[英]error: expression must have pointer-to-object type
I tried to design a program that will return the original 32bit value w
but change the number i
element to 1
. 我试图设计一个程序,它将返回原始的32位值
w
但将数字i
元素更改为1
。 Here's the function I got so far. 这是我到目前为止的功能。 But for this part,
v[i]=1;
但对于这部分,
v[i]=1;
, it just says that for i
expression must have pointer to object type. ,它只是说对于
i
表达式必须有指向对象类型的指针。
unsigned int setBit(unsigned int w,unsigned int i)
{
unsigned int v = w;
v[i]=1;
return v;
}
unsigned int v = w;
v[i] = 1; // error, v is not an array
This is not correct because v
is not an array. 这不正确,因为
v
不是数组。 The solution might be using a std::bitset
or simply shifting bits and using some bit manipulation - this would be faster. 解决方案可能是使用
std::bitset
或简单地移位和使用一些位操作 - 这会更快。
unsigned int setBit(unsigned int w,unsigned int i) {
unsigned int v = ( w |= 1 << i);
return v;
}
usage: 用法:
int main(int argc, char *argv[])
{
unsigned int in = 0;
unsigned int res = setBit(in,1); // set 1st bit in 0 to 1, results in 2
return 0;
}
meaning of unsigned int v = ( w |= 1 << i);
unsigned int v = ( w |= 1 << i);
含义unsigned int v = ( w |= 1 << i);
| | - the bitwise OR
- 按位OR
<< - the bitwise shift << - 按位移位
v = ( w |= 1 << i)
is the same as v = ( w = w | 1 << i)
so it means: v
is equal to (take w
and OR
it with 1
left shifted by i
, and assign this to w
) v = ( w |= 1 << i)
与v = ( w = w | 1 << i)
所以它意味着: v
等于(取w
和OR
,其中1
左移i
,并赋值这个到w
)
In C++, []
operator is for string/array/vector/map/...

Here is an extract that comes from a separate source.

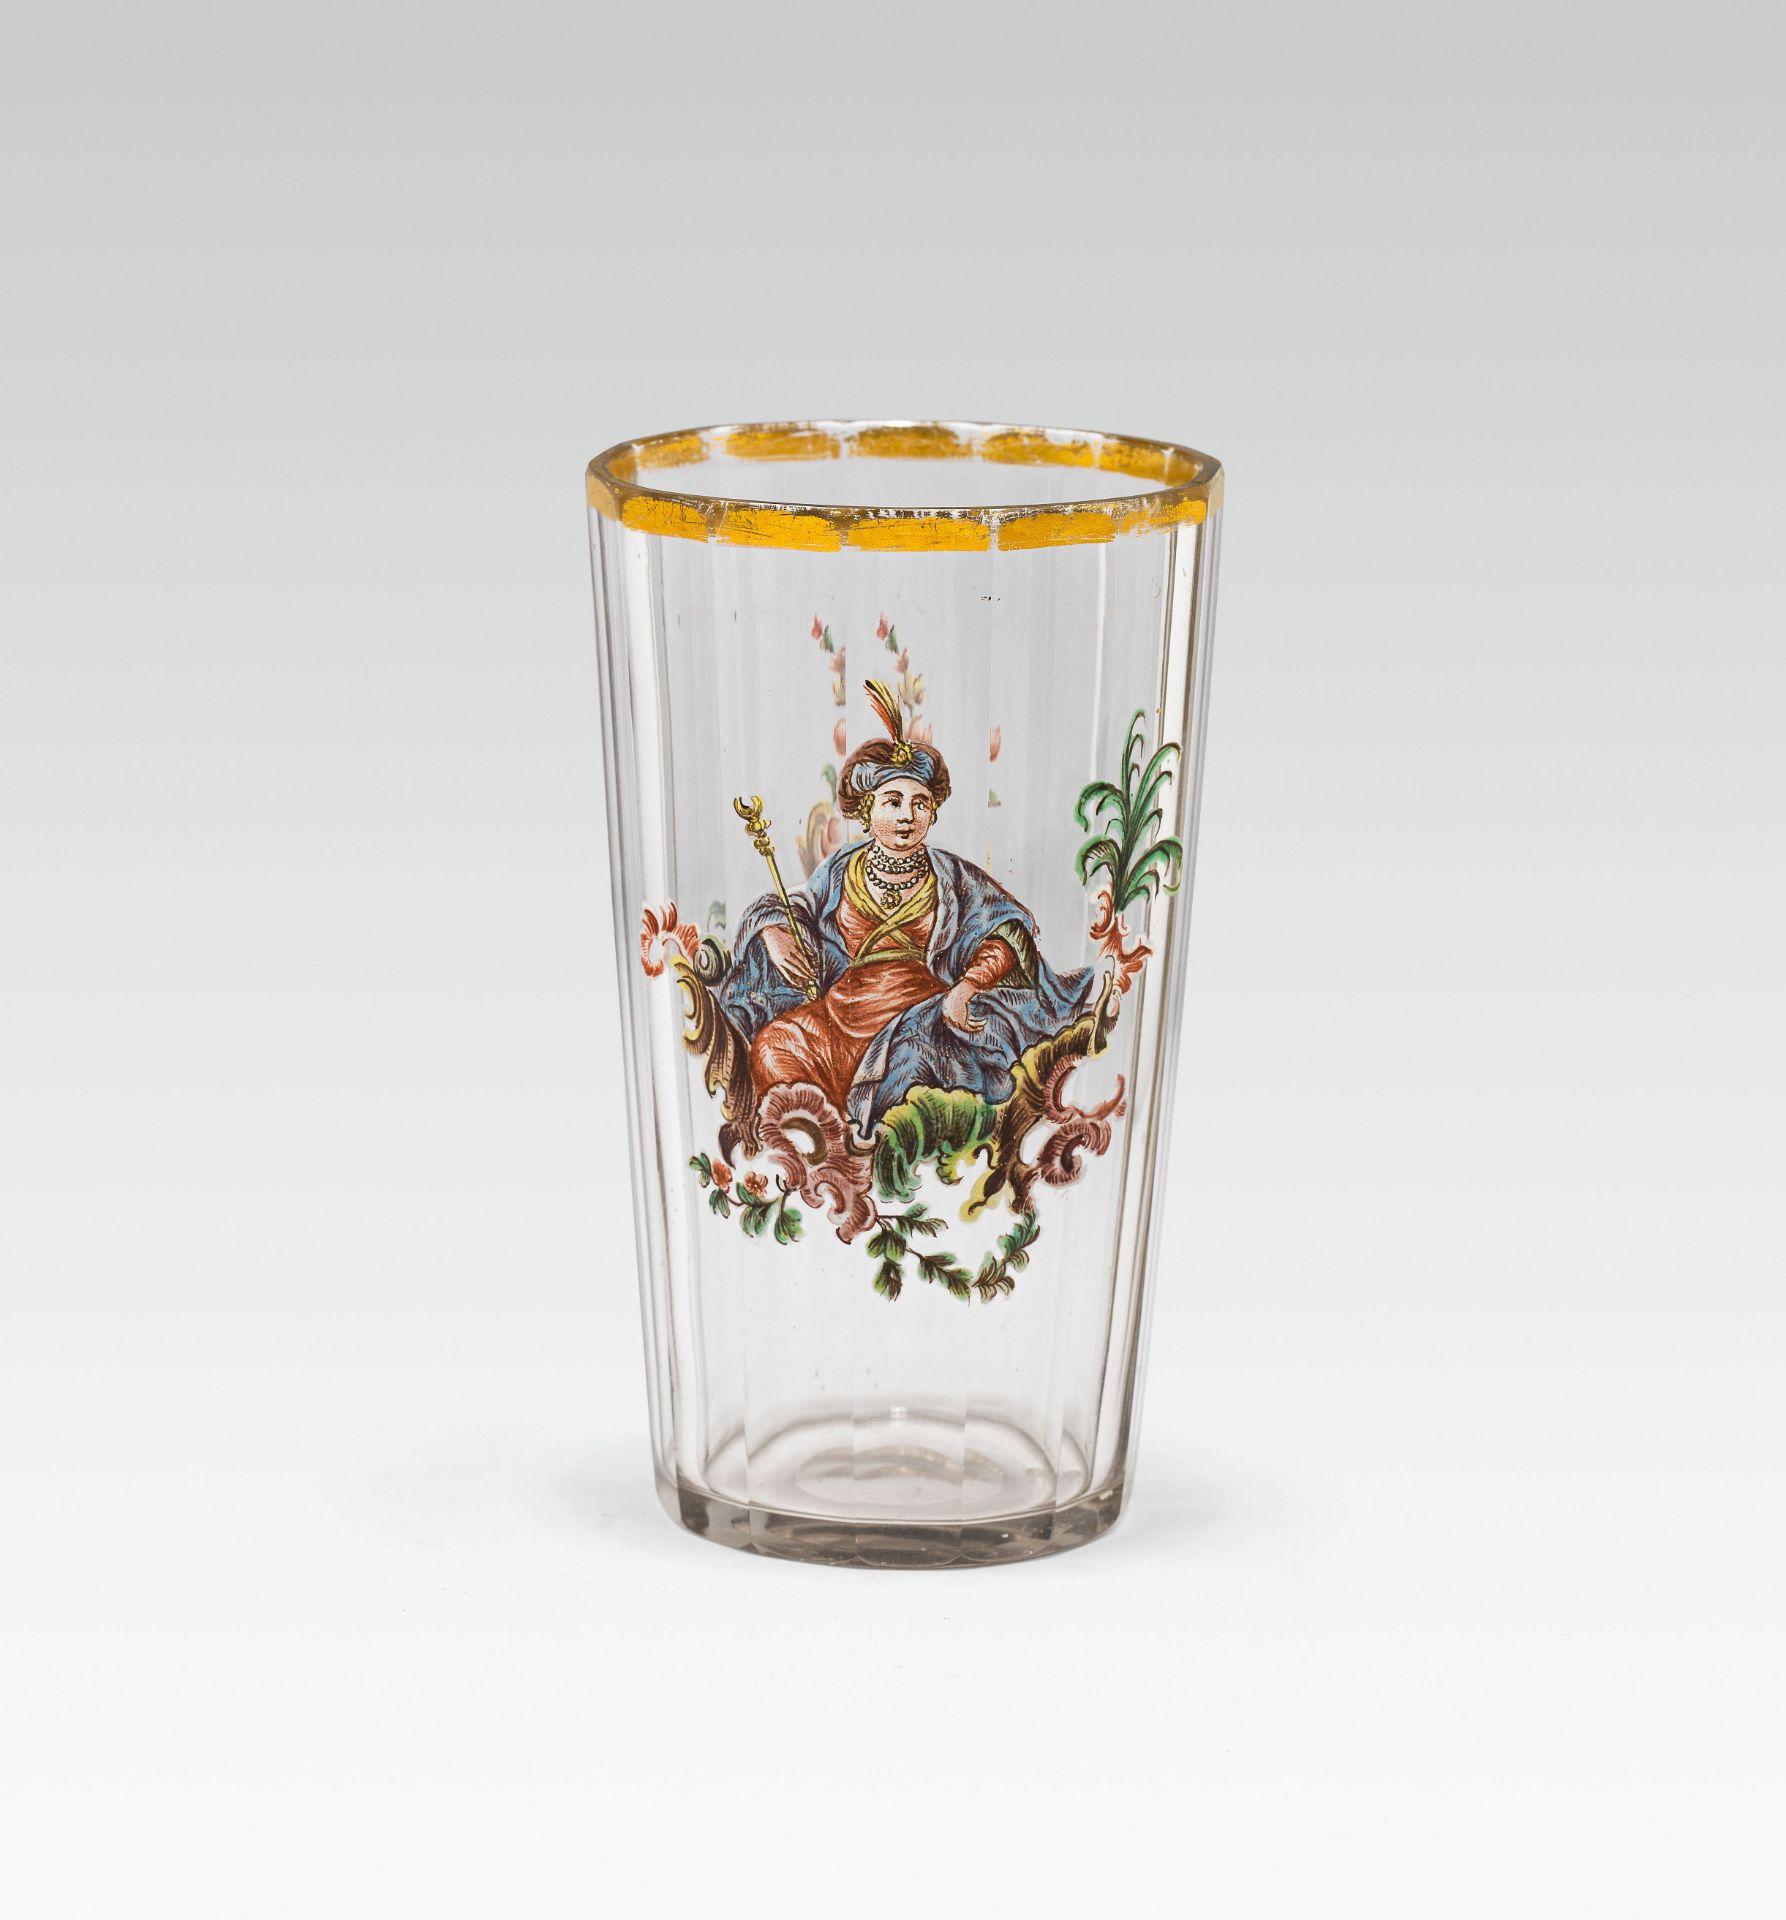 Beakercolourless glass, polished, enamel colourh. 12.6 cm

, but not for a unsigned int
. 在C ++中,
[]
运算符用于string/array/vector/map/...
,但不适用于unsigned int
。
For your example, you probably need to change it to bit array
first to be able to use such way. 对于您的示例,您可能需要首先将其更改为
bit array
才能使用这种方式。
In case you're interested. 如果你有兴趣。
unsigned int setBit(unsigned int w, unsigned int i)
{
std::bitset<sizeof(unsigned int)> bitset((unsigned long long)w);
bs.set(i, 1);
(unsigned int)return bs.to_ulong();
}
Although I would still use piotrus
' answer. 虽然我仍然会使用
piotrus
的答案。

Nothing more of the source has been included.